Notable Mergers and Acquisitions 11/18: (DAN) (CYH) (FIBK)/(CACB) (BAM)/(TERP)

November 18, 2016 9:41 AM EST

Get daily under-the-radar research with's Stealth Growth Insider Get your 2-Wk Free Trial here.

*** Dana (NYSE: DAN) announced a definitive agreement to purchase the power-transmission and fluid power businesses of Brevini Group, S.p.A.

Under terms of the agreement, Dana plans to initially purchase an 80 percent share in the Brevini businesses, with an option to purchase the remaining 20 percent by 2020. Dana has valued 100 percent of the Brevini businesses at €325 million, including the assumption of approximately €100 million of net debt.

The acquisition will immediately expand Dana's product portfolio with adjacent technologies and establish Dana as the only off-highway solutions provider that can manage the power to both move the equipment and perform its critical work functions. It adds technologies for tracked vehicles, doubling Dana's addressable market for off-highway driveline systems. It also provides a platform of proven technologies that can be leveraged in Dana's light- and commercial-vehicle end markets, helping to accelerate the company's hybridization and electrification initiatives.

"Brevini is a strong, well-run business that shares Dana's commitment to serving customers with advanced technologies that deliver exceptional performance and durability," said James Kamsickas, president and chief executive officer of Dana. "We have long admired Brevini's exceptional products, customer focus, and company culture, which are some of the most pertinent reasons we specifically targeted this acquisition – at this opportune time in the off-highway business cycle."

The transaction will be funded with cash on hand, with existing Brevini debt to be refinanced in the future.

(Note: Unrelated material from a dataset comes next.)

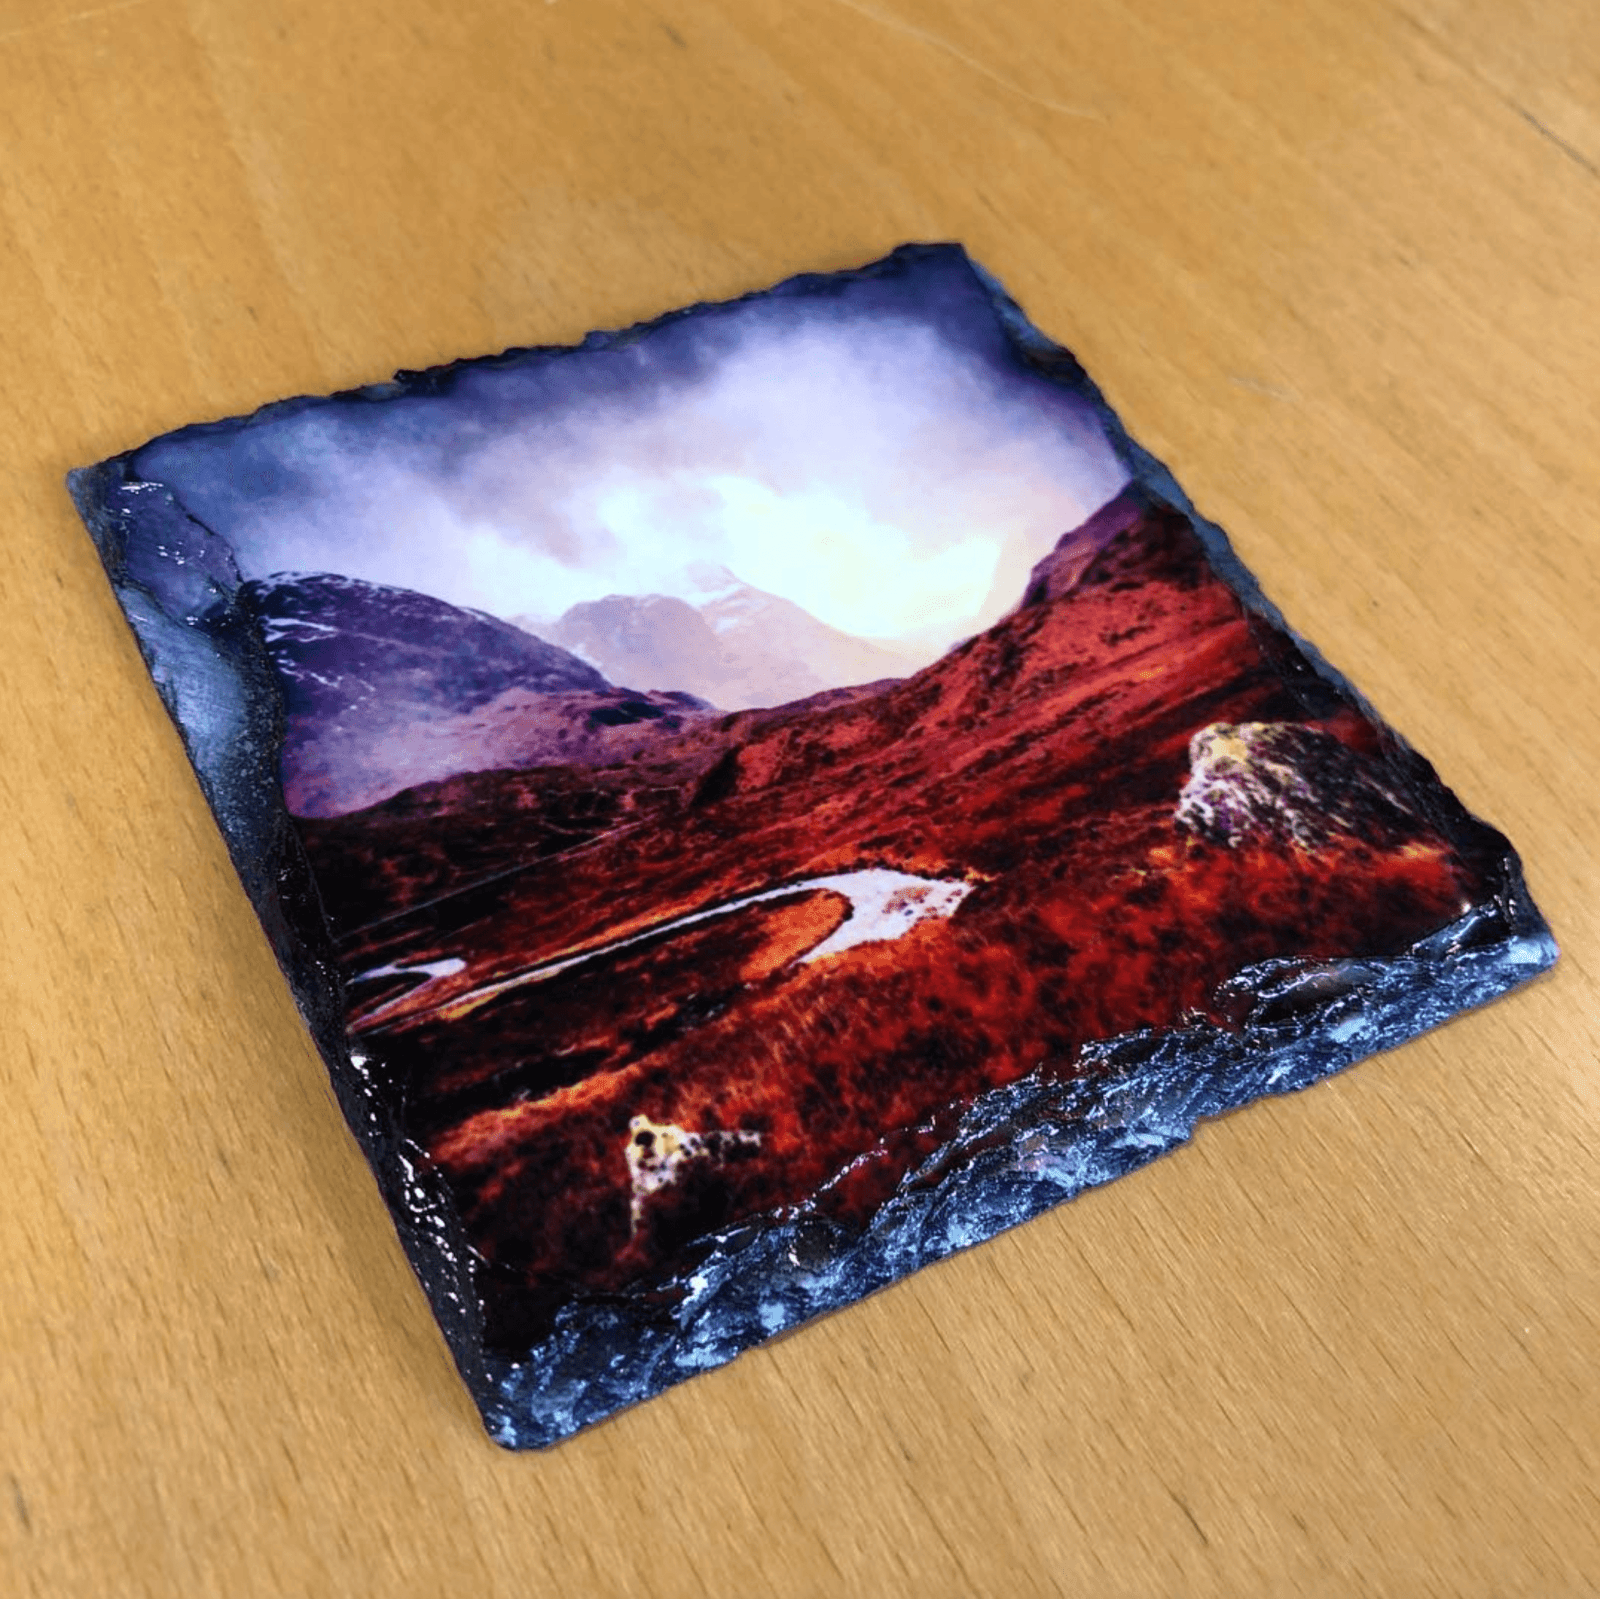 Loch Lomond Moonlight Slate Art-Slate Art-Scottish Lochs & Mountains Art Gallery-Paintings, Prints, Homeware, Art Gifts From Scotland By Scottish Artist Kevin Hunter

Subject to customary regulatory approvals, the acquisition is expected to close in early 2017. Dana expects the purchase to be accretive to earnings in 2017.

The acquisition of Brevini aligns with Dana's enterprise strategy, which includes leveraging core expertise, strengthening customer centricity, expanding global markets, commercializing new technologies, and accelerating hybridization and electrification.

Founded in 1960, the privately held Brevini Group employs approximately 2,300 people. It has engineering and manufacturing operations in China, Germany, and Italy, with a network of 30 sales subsidiaries and nine service centers around the world. The businesses being acquired reported sales of €388 million in 2015.

"Brevini's customers and employees will find an ideal fit with Dana, a company that delivers true value to customers through a commitment to innovation," said Renato Brevini, president of Brevini Group S.p.A. "Dana's global footprint, operational excellence, deep industry knowledge, and position as a top-tier supplier to manufacturers will raise the profile and market penetration of our products."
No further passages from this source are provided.